> Exercise requirements:
No pictures, nothing altered: return the data below.

> Exercise data:
== Segment start ==
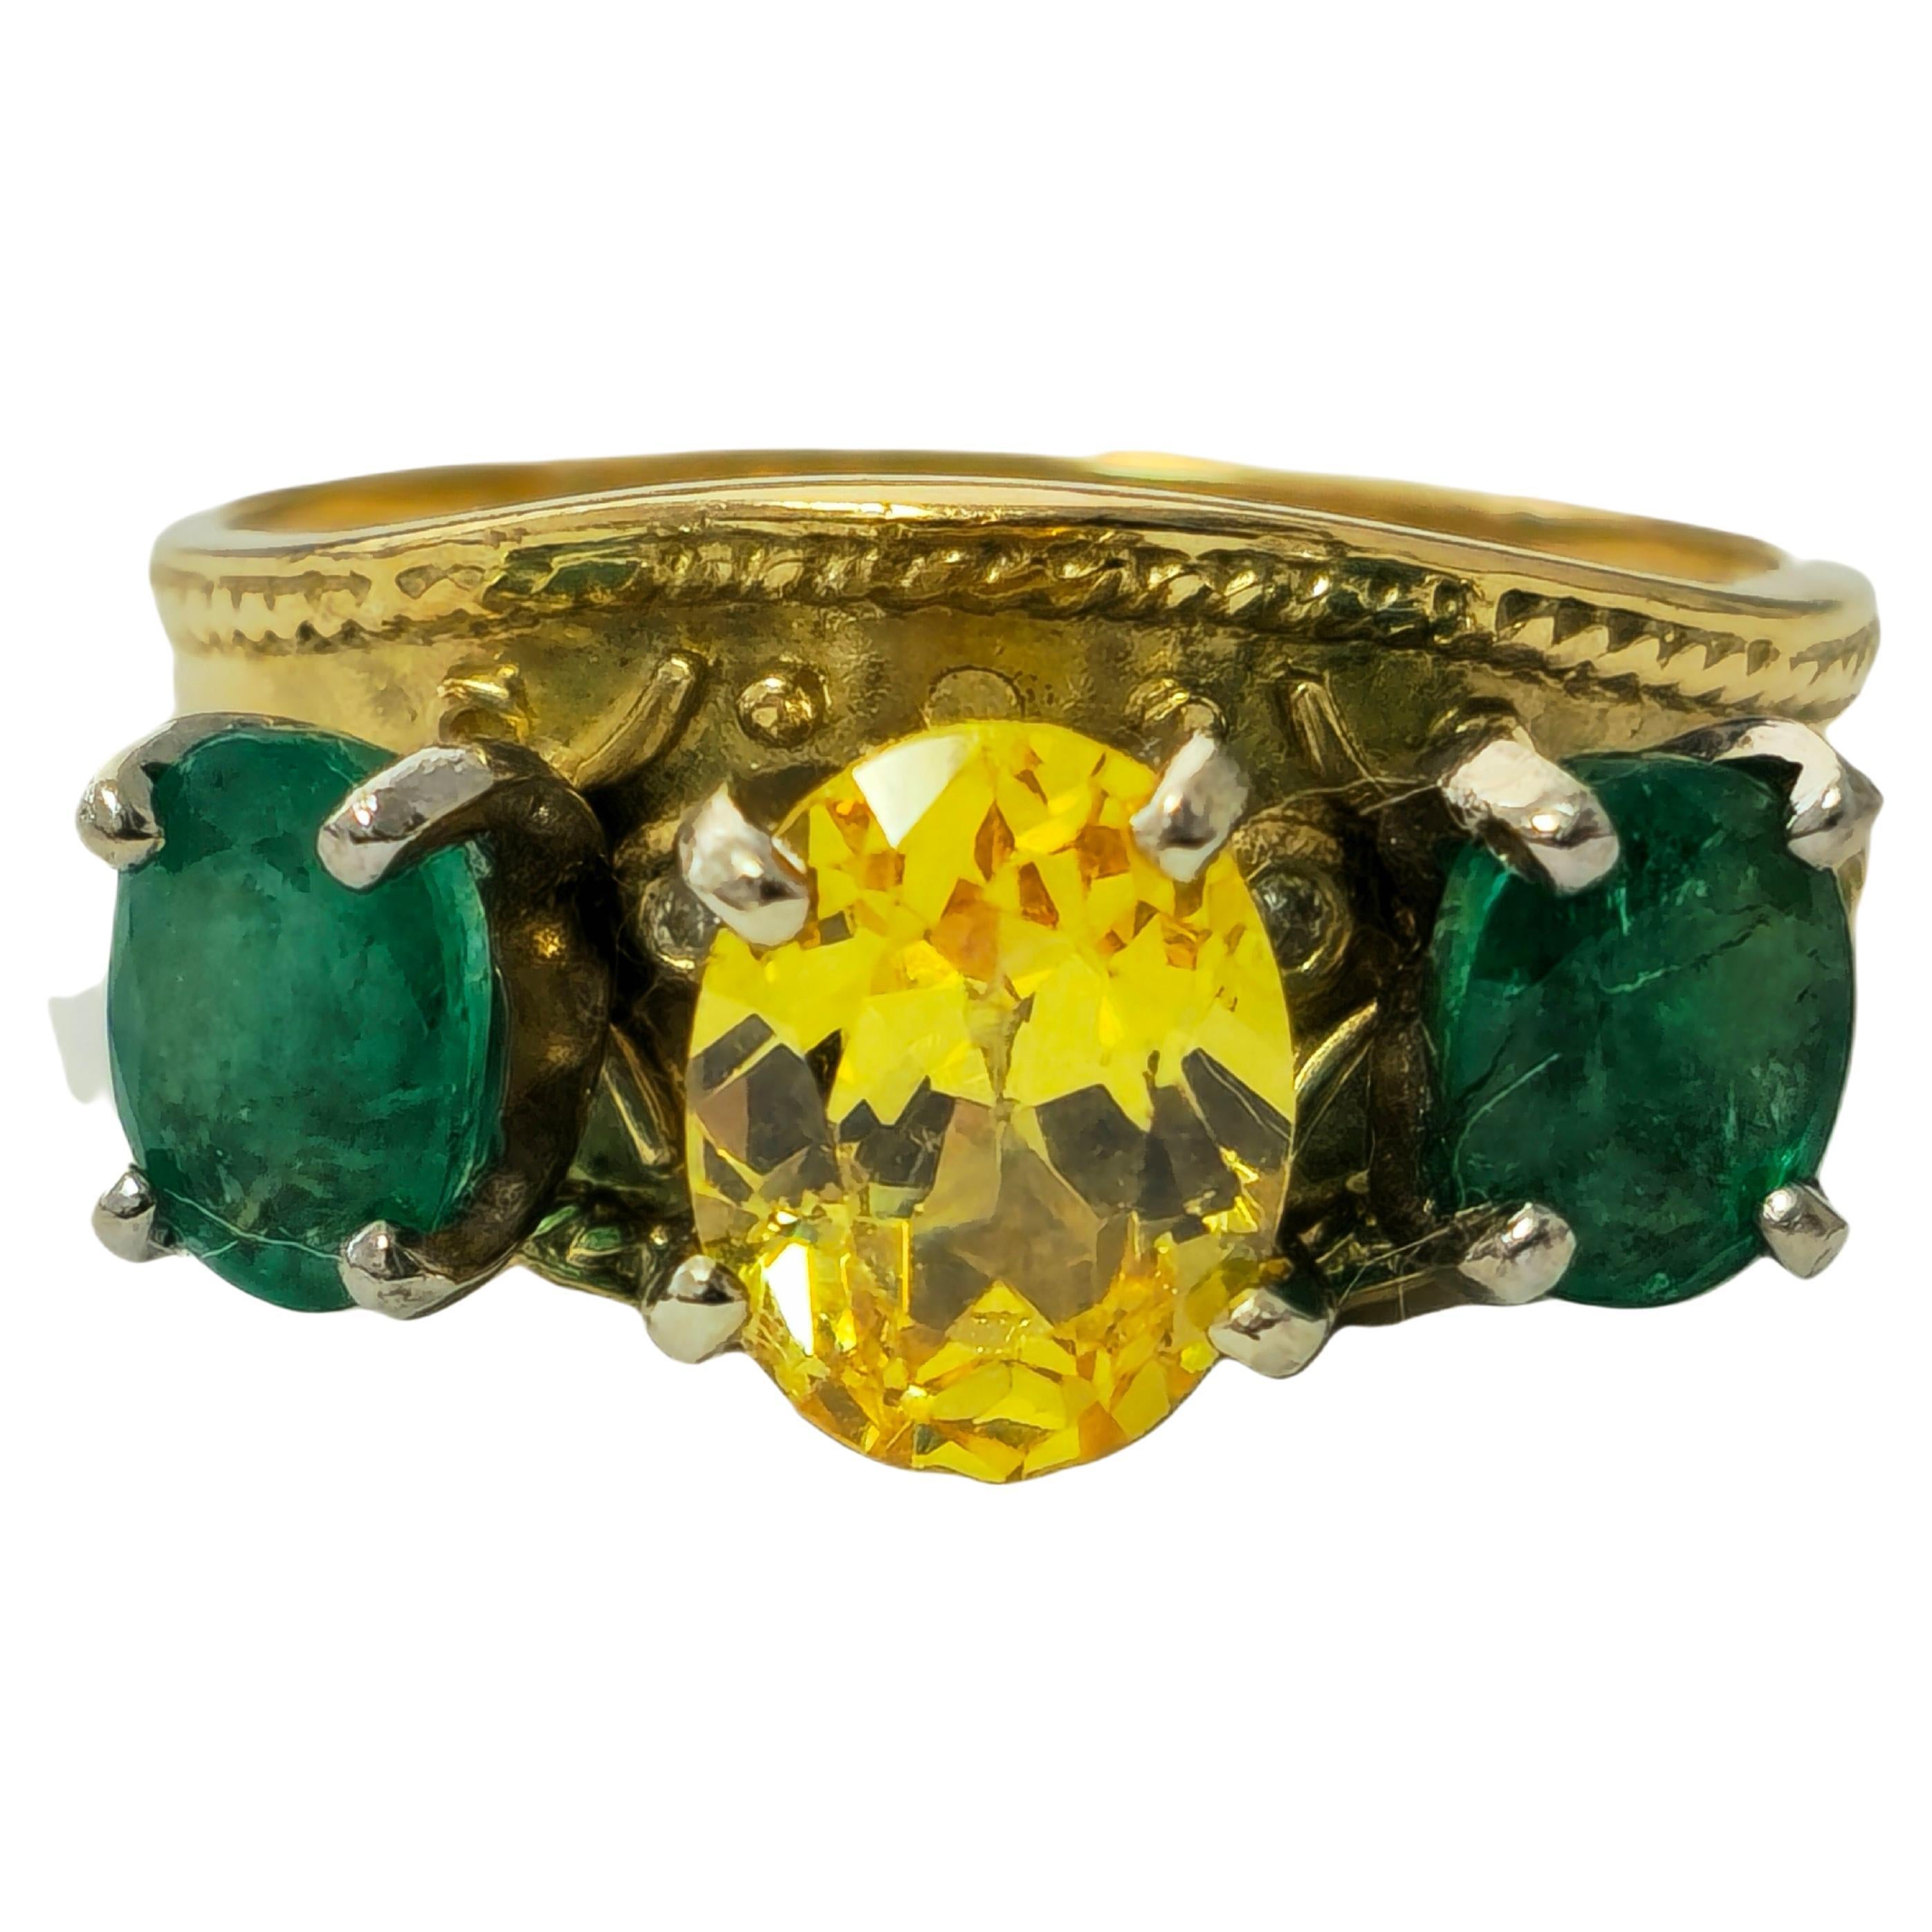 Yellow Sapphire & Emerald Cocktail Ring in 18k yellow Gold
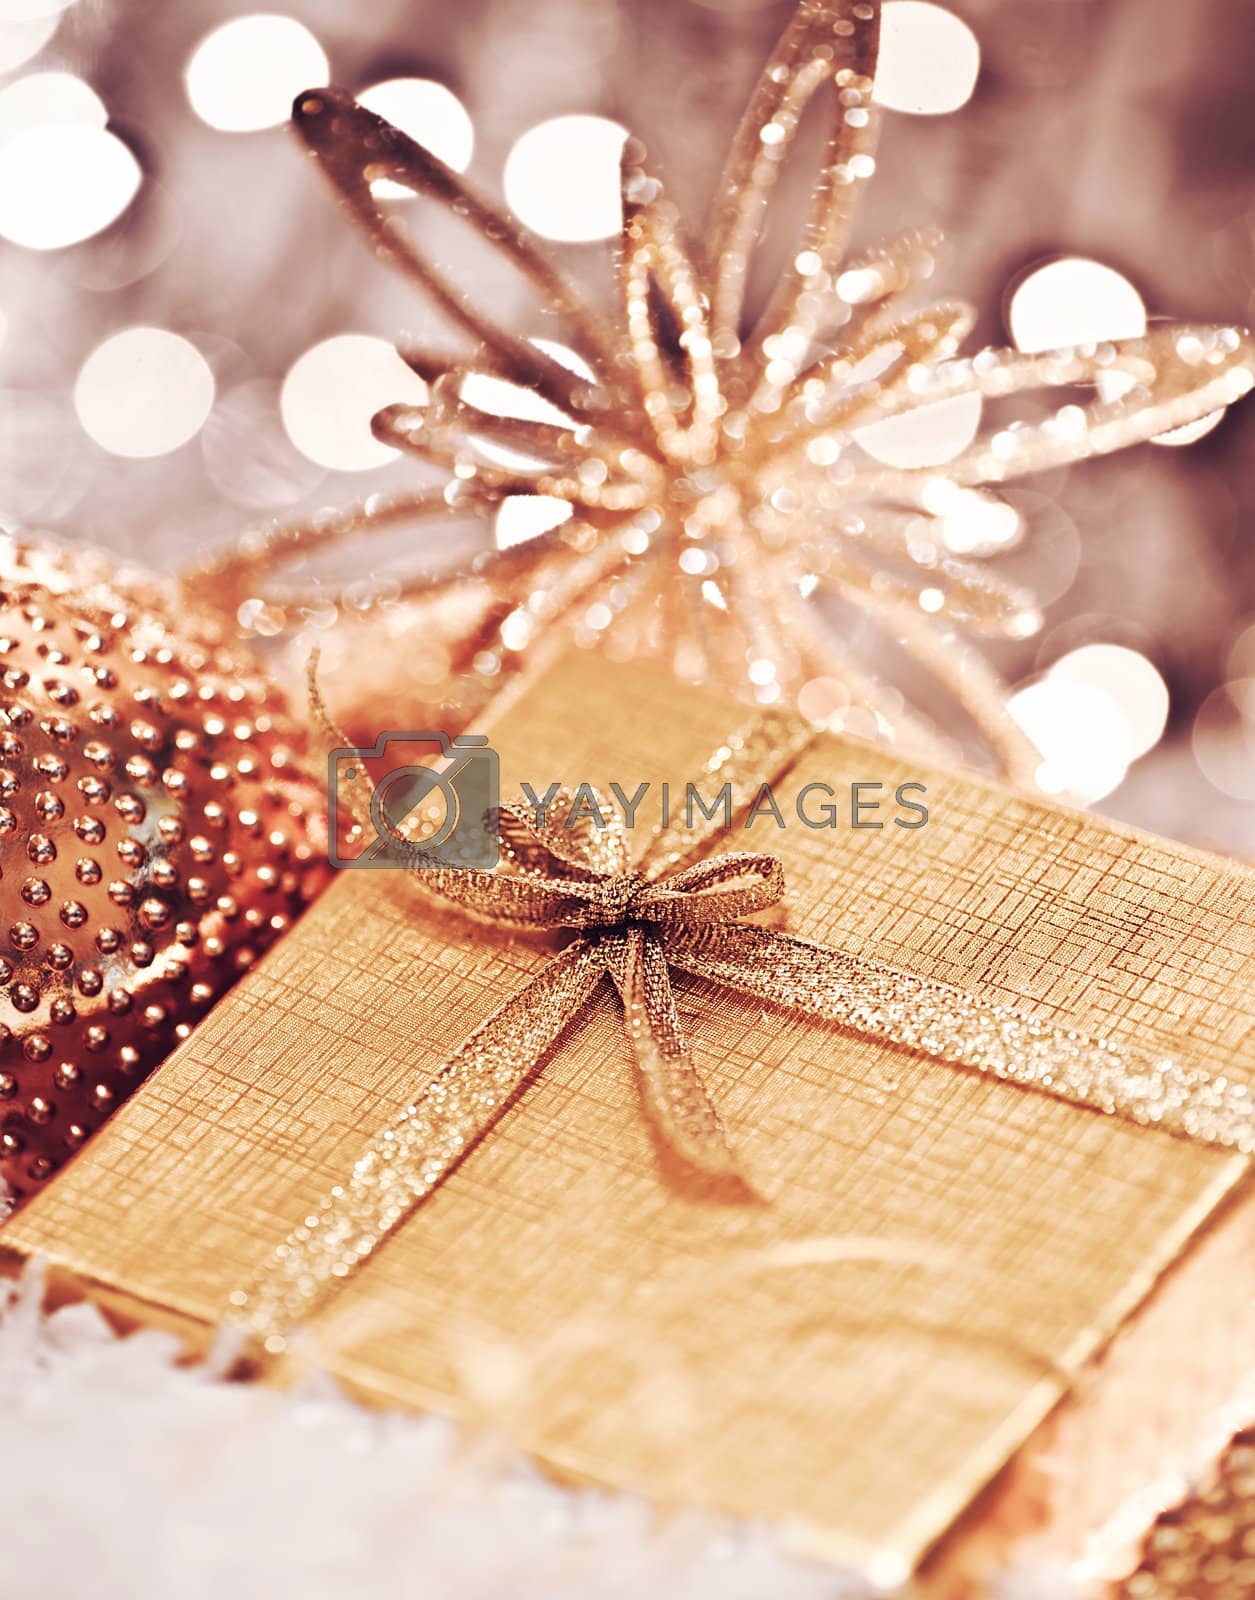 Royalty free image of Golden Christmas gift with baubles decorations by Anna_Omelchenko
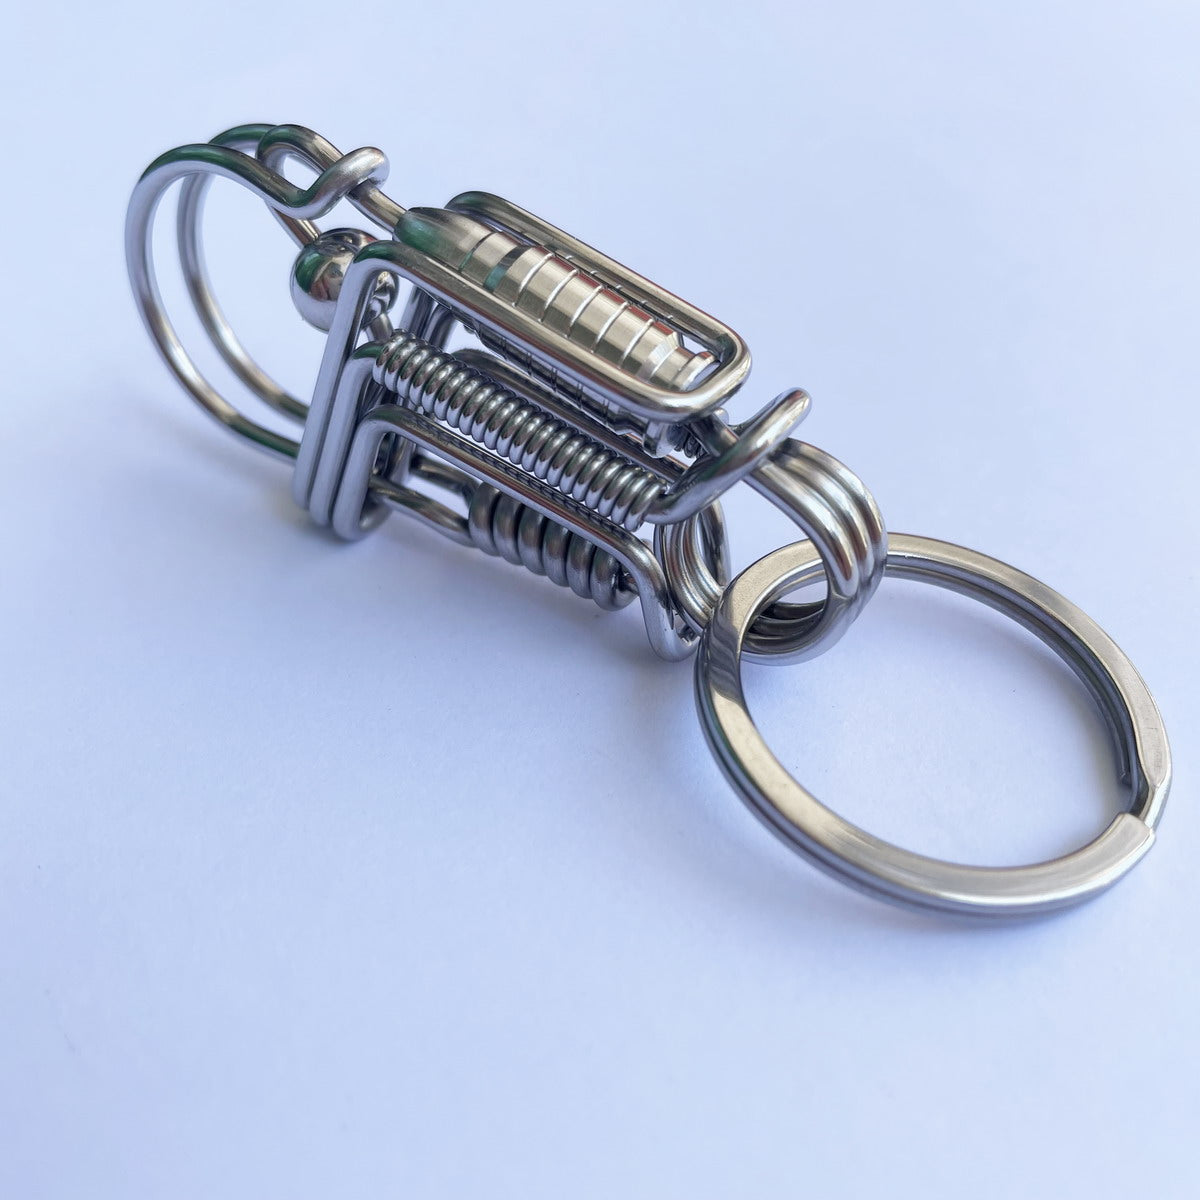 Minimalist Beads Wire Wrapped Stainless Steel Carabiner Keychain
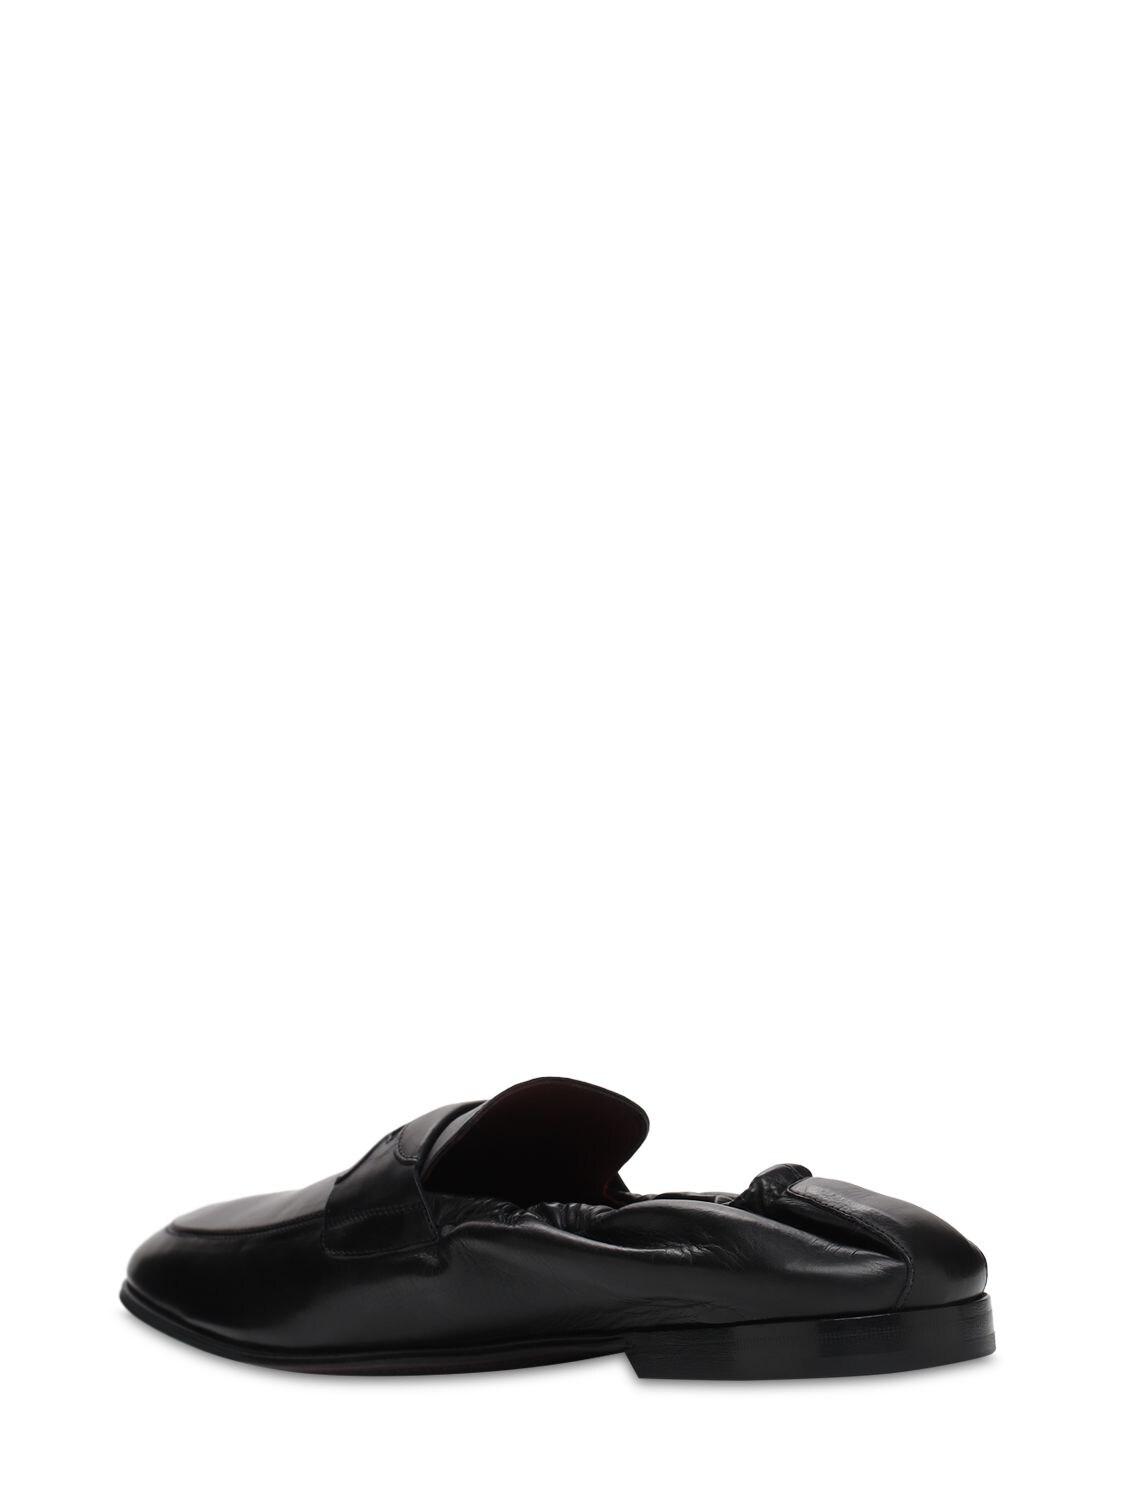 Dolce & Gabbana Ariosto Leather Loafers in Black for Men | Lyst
== Segment end ==
> Task answer:
 Yellow Sapphire & Emerald Cocktail Ring in 18k yellow Gold
 Royalty free image of Golden Christmas gift with baubles decorations by Anna_Omelchenko
 Minimalist Beads Wire Wrapped Stainless Steel Carabiner Keychain
 Dolce & Gabbana Ariosto Leather Loafers in Black for Men | Lyst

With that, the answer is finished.